Need for action in response to declining earnings opportunities and the increasing impact of external costs
The current market environment characterised by weak economic growth and low interest rates, in combination with a dramatic increase in costs associated with new regulatory requirements and additional taxes, is putting strong pressure on banking business in Austria. According to a forecast by the Boston Consulting Group, earnings opportunities in the entire Austrian retail market will shrink by 1.1 per cent annually. At the same time, costs arising from the new regulatory requirements – i.e. more equity capital, allocations to a resolution fund and the deposit guarantee scheme – are rising steadily and in Bank Austria’s business in Austria they total about EUR 270 million annually. Added to this is the charge for the bank levy of EUR 97 million, which is disproportionately large in an international comparison; measured by the size of the banking sector, the charge is seven times the figure in Germany.
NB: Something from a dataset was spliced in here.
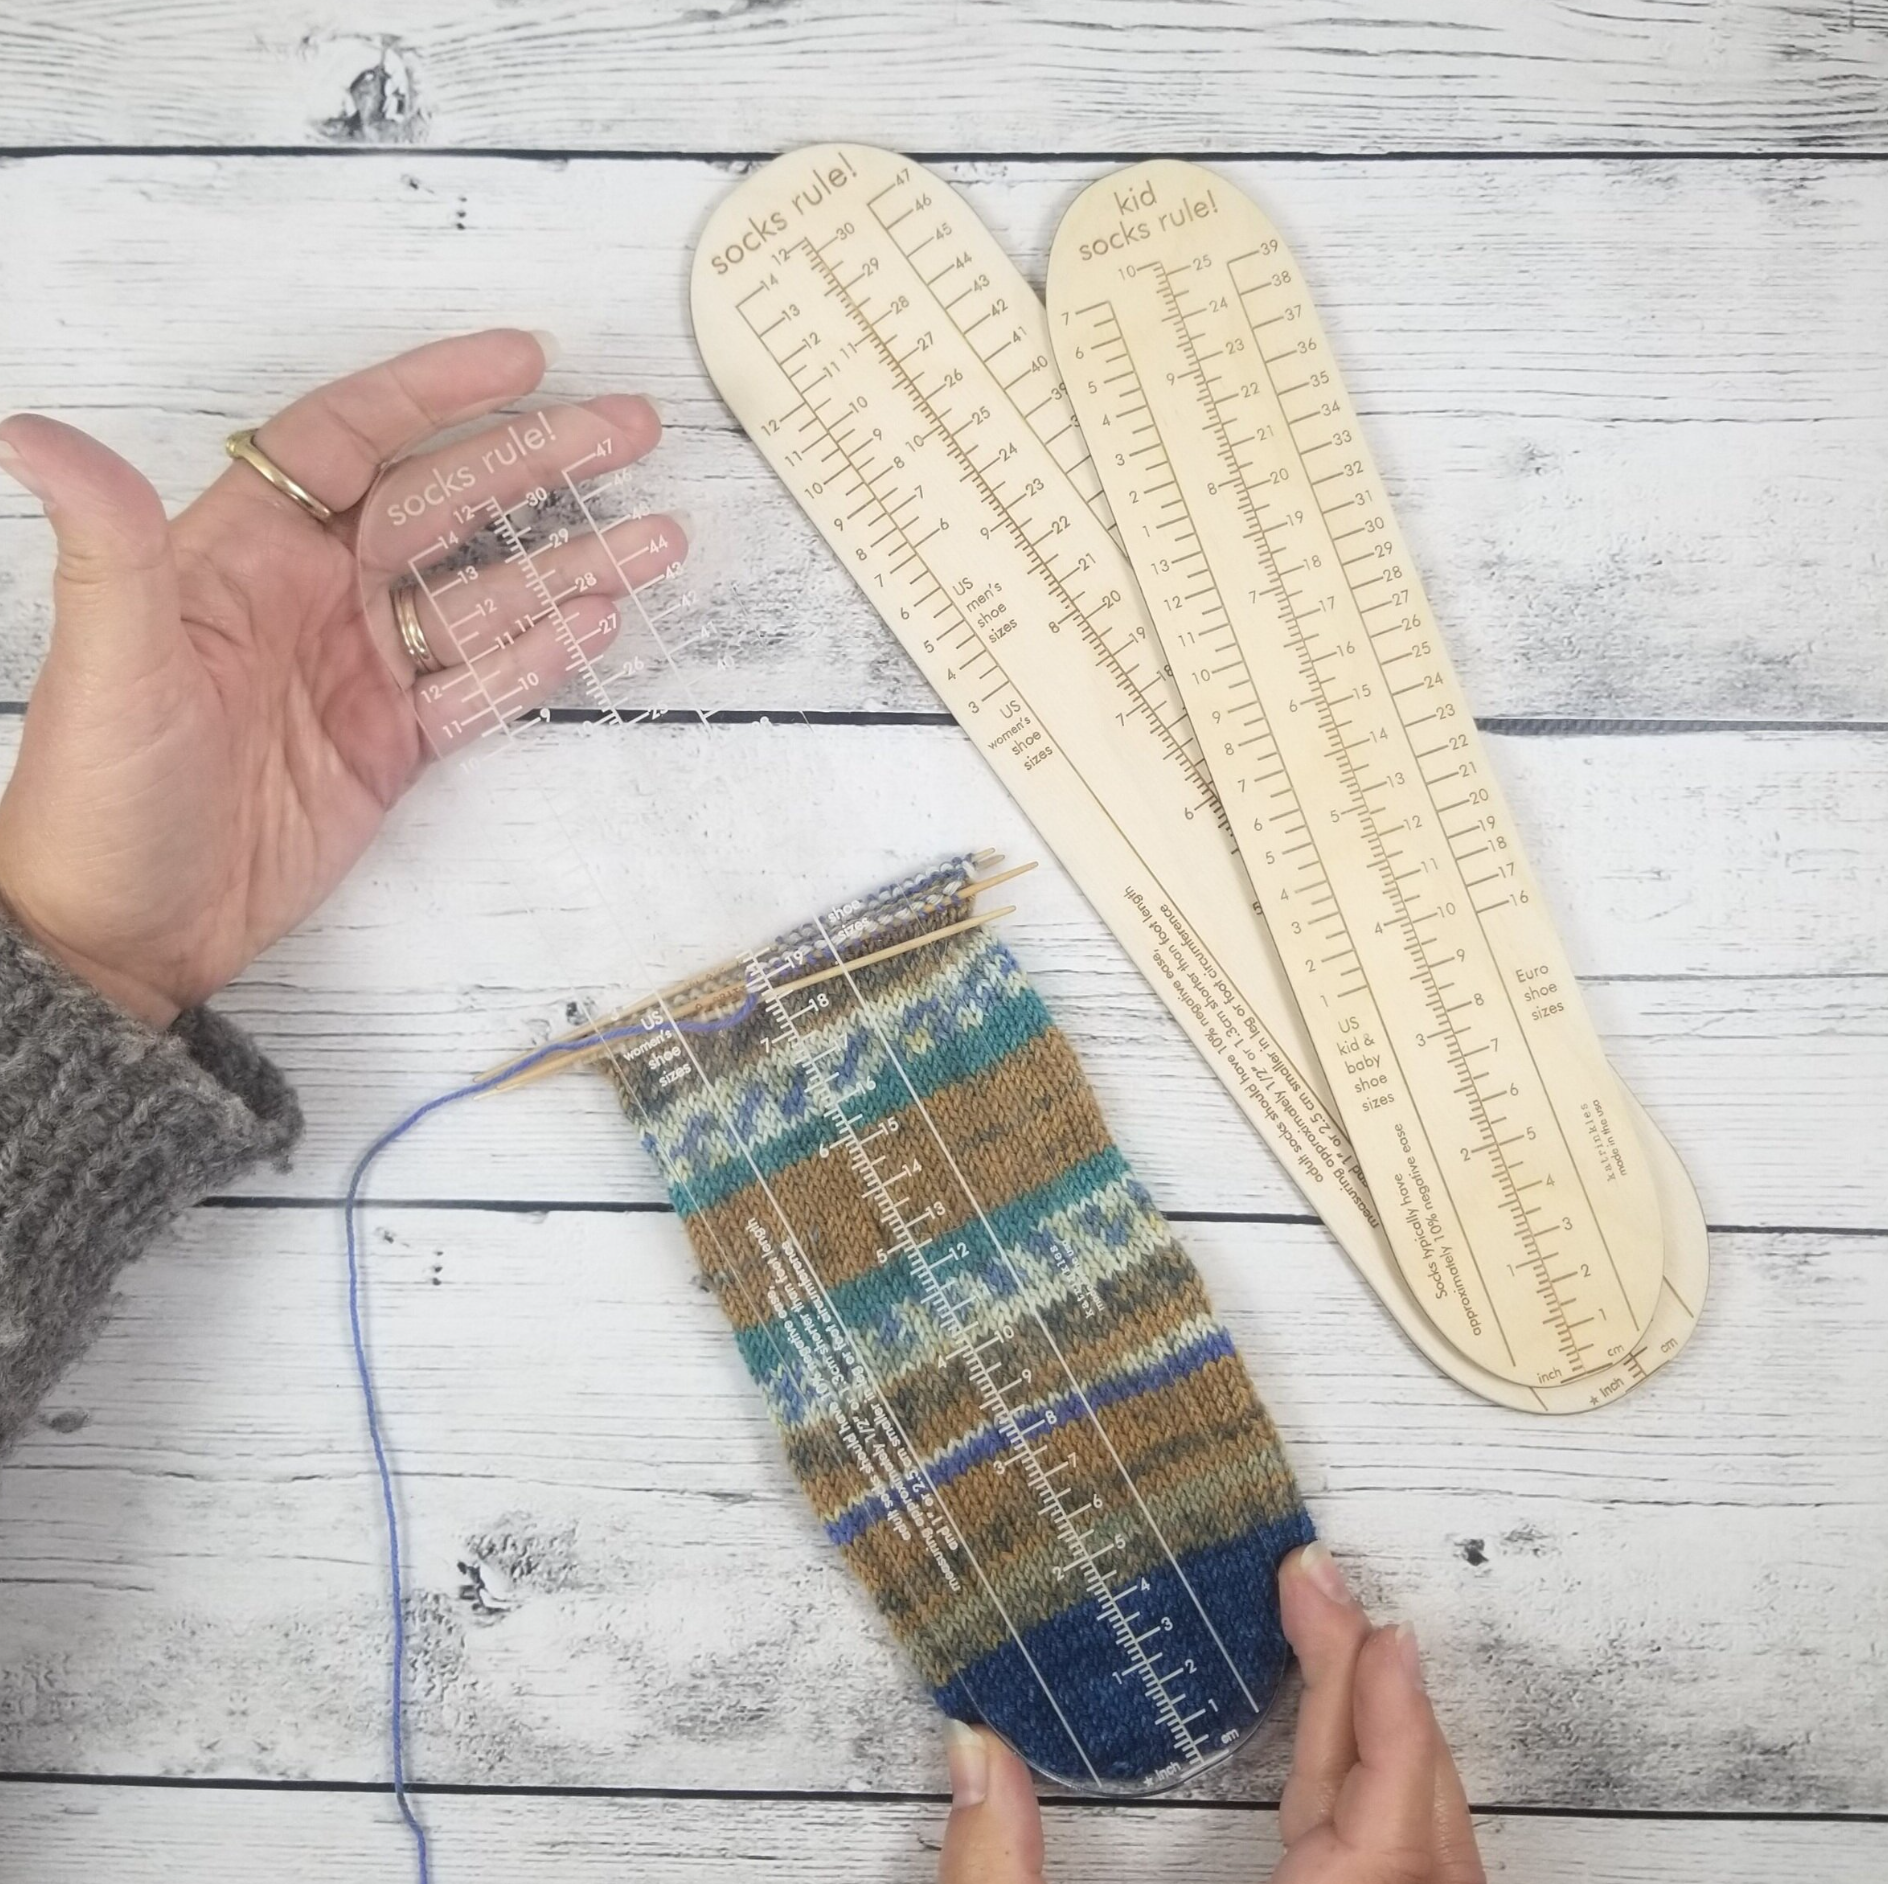 Katrinkles - Kids Socks Rule! Clear Ruler for Measuring Socks - Yarn Loop

Measures needed to optimise costs
Bank Austria does not want to pass on the additional costs to its customers nor restrict lending activities because this would be harmful for Austria as a business location while further reducing earnings opportunities. Therefore further measures to cut costs are needed. Various measures taken in the past two years have reduced non-staff expenses by almost EUR 44 million on a sustainable basis, and further cost savings of EUR 20 million are planned for the next three years. Overall, reductions of non-staff expenses add up to about EUR 64 million.

While non-staff expenses account for about 40 per cent of overall costs, staff costs make up about 60 per cent of the total. This means that there is also a need to reduce staff costs. In concrete terms, there is a cost-cutting potential of EUR 70 million in the next two years. This will require additional cost savings in addition to the planned reduction of 200 full-time equivalents per year, which will be achieved by not filling positions which become vacant as a result of normal staff turnover. It is not yet possible to quantify the extent of the reduction because this will largely depend on the number of employees who use the various models offered by the bank. The objective is to achieve the targets without operational layoffs.
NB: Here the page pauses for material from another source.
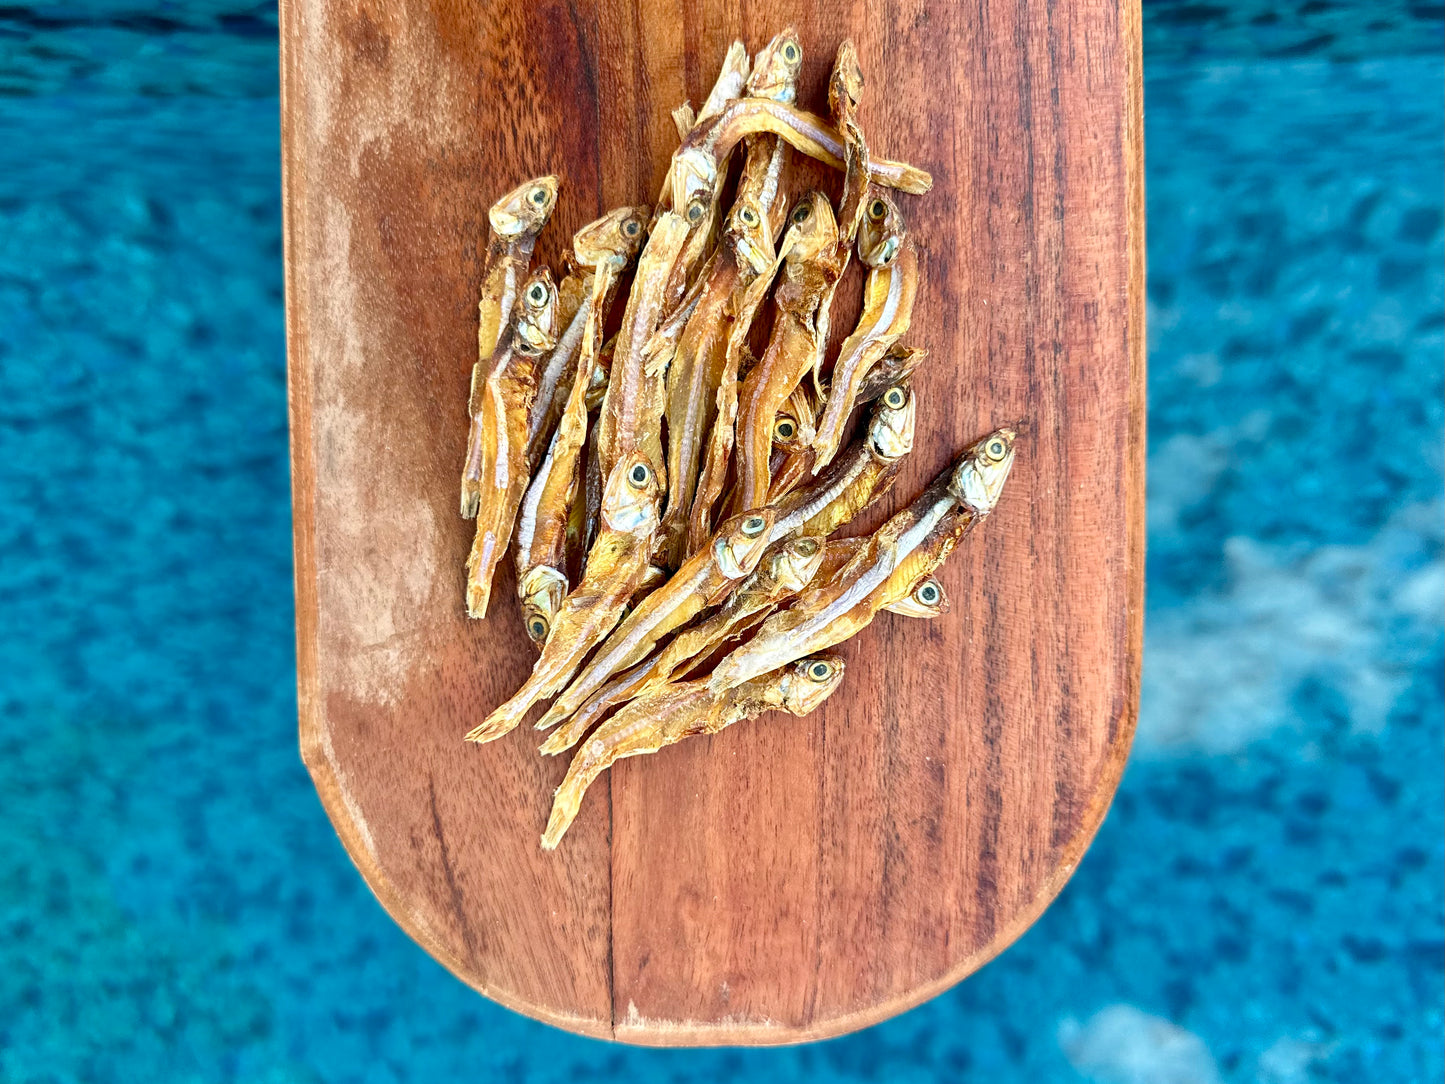 Sun Dried Sardines

The planned models are based on the principles of free will and the avoidance of social hardship as far as possible. For example, the bank is planning to focus on part-time working models and offers to employees who wish to pursue different careers. Talks are being held with the Employees' Council of Bank Austria on the concrete shapes which the various instruments will take.
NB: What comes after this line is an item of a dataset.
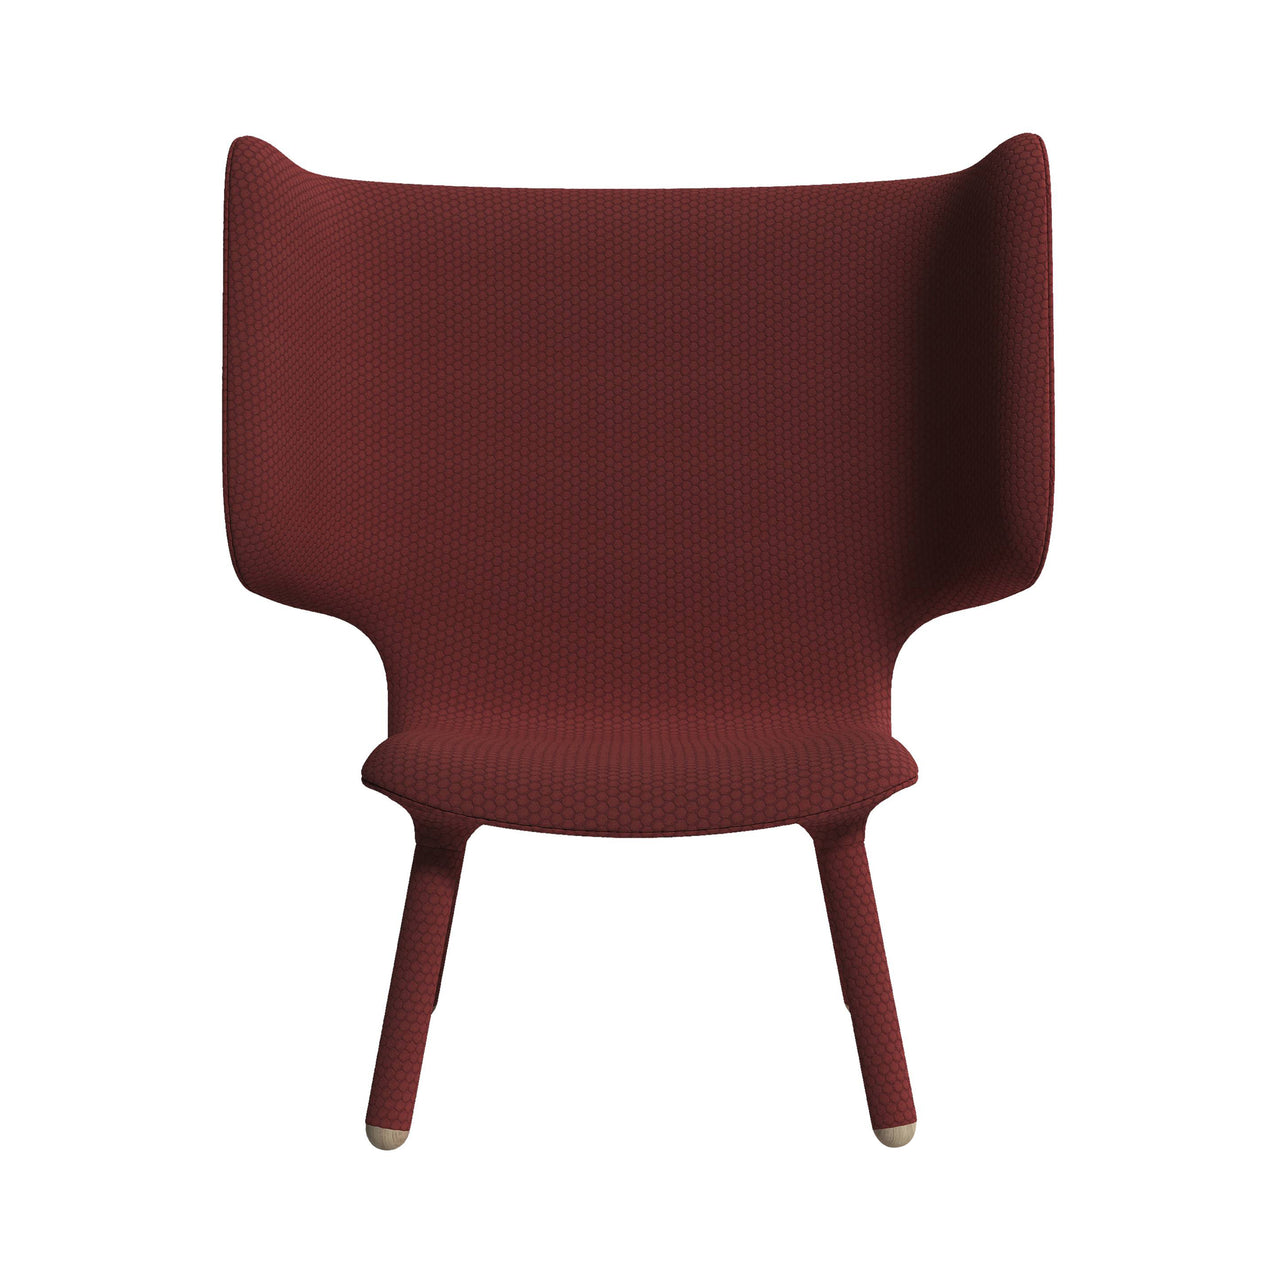 Tembo Lounge Chair

"We are confident that these offers will prove attractive and that we can thereby meet the cost reduction targets which we have defined. In this context we are placing our hopes especially on part-time working models because these offer colleagues the advantage of retaining their jobs while enabling us to reduce costs. In a parallel move, we are screening all our internal processes, administrative expenses and reporting with the objective of eliminating unnecessary items, specifically those which our customers neither see nor need. Yet it is clear that we will not save on customer service. On the contrary, with our SmartBanking approach and additional investments totalling EUR 100 million, we are expanding customer service as can be seen, for example, from the fact that we have extended advisory service hours for SmartBanking customers until 8 p.m.," says Willibald Cernko.